The only thing that sets New Year’s resolutions apart is that you’re using this symbolic “new beginning” to kickstart your new, positive habit (or to break a bad one.)
It’s important to not just set an intention — but also to align your mindset around the why. Take the time to think about what good forming this habit will do for your broader goals.
“If you feel like you’ve been stuck in a rut and need to stick with these rituals to be happy, recognize it,” offers Perlus as an example.
“Many of us are guilty of this type of thinking,” Perlus says. For example, if we eat French fries when we’re trying to limit fried foods, we throw in the towel on our goal instead of seeing it as a small bump in the road.
“Taking baby steps toward our goals is better than taking no steps at all,” she says. ”The secret is to keep pushing forward.”
Perlus says that there’s a core principle in psychology: if you can measure it, you can change it.
“Measurements serve as a source of inspiration to allow you to see where you began and where you are,” she explains.
That means you need to set specific goals you can measure and reach for — not vague intentions like “exercise more” or “eat healthy.” Instead, set clearly defined, realistic goals you have control over, like walking 7,500 steps or eating five servings of vegetables per day.
Change is hard to achieve because it requires us to move outside of our comfort zone. That’s why having an accountability structure in place can offer the support you need to develop — and sustain — your new habits.
You don’t necessarily need to post your progress to social media, but telling some trusted friends or family members about your goal can help keep your momentum flowing.
Creating a new ritual or habit is about progress — not perfection — so it’s all about understanding what tricks help you build consistency.
You could try habit stacking, or building new routines around habits you already have.
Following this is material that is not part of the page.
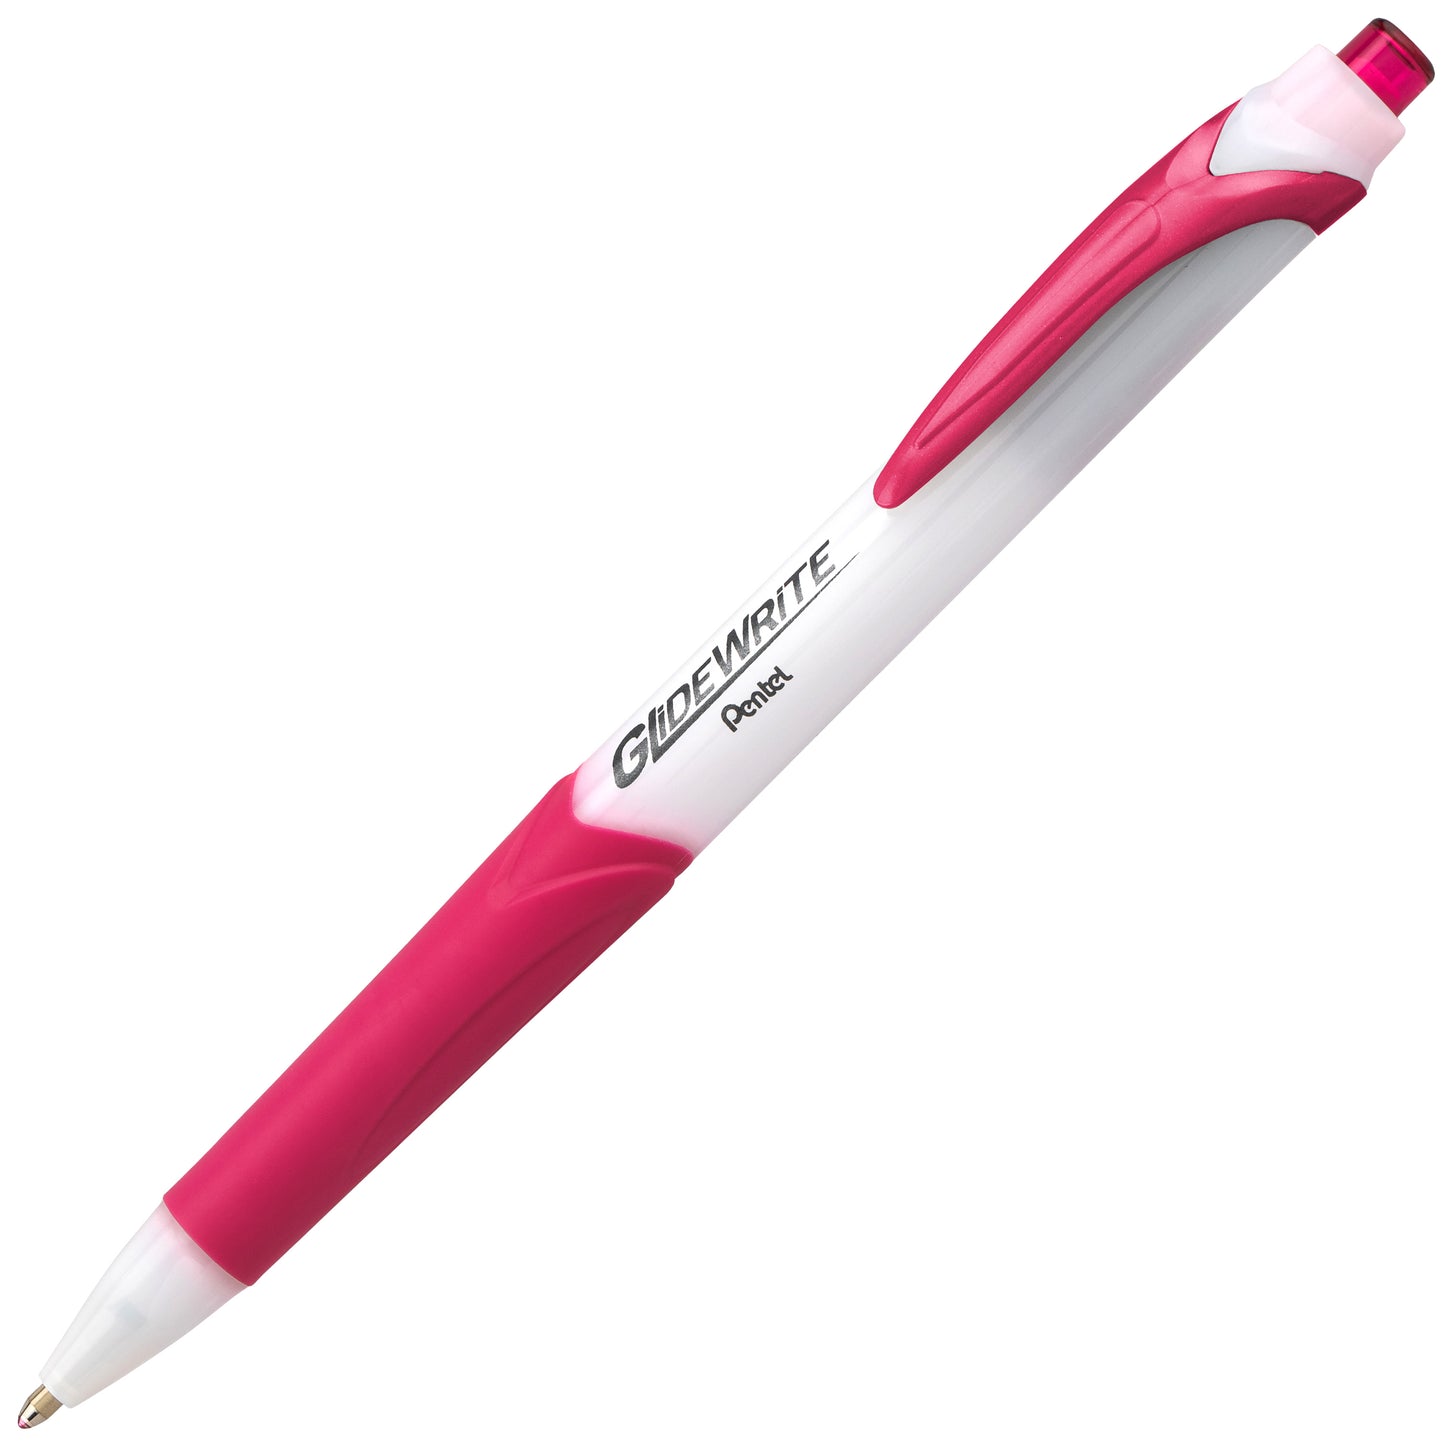 GlideWrite 2-in-1 Ballpoint Pen

For example, if you want to start flossing, you can inject the new habit into your existing bedtime routine. Relying on the existing structure of well-worn habits makes it easier to anchor new ones.
Habit reflection is another effective method.
“[It’s] when you think back and acknowledge your past successful habits to plan for the start of new ones,” Perlus explains. This process helps you recognize why certain habits stuck and others didn’t — so you can set future goals proactively and strategically.
Let’s say you used to read books all the time in high school and want to re-establish the ritual. Upon reflection, you realize the social aspect of discussing books with your friends is what worked to encourage the habit.
“This shows you enjoy talking and sharing experiences,” Perlus says, and joining a book club will help cater to this part of the habit that motivates you. But you can also apply this understanding — that you’re motivated by the social side of an activity — to create other habits as well.
“Take the time to reward yourself for growth and recognize your efforts,” Perlus says. Celebrating your progress — or simply your consistency — helps keep you motivated toward your goal.
Just be sure to choose rewards that won’t counteract your progress, like taking a week off of the gym to celebrate a week of exercise.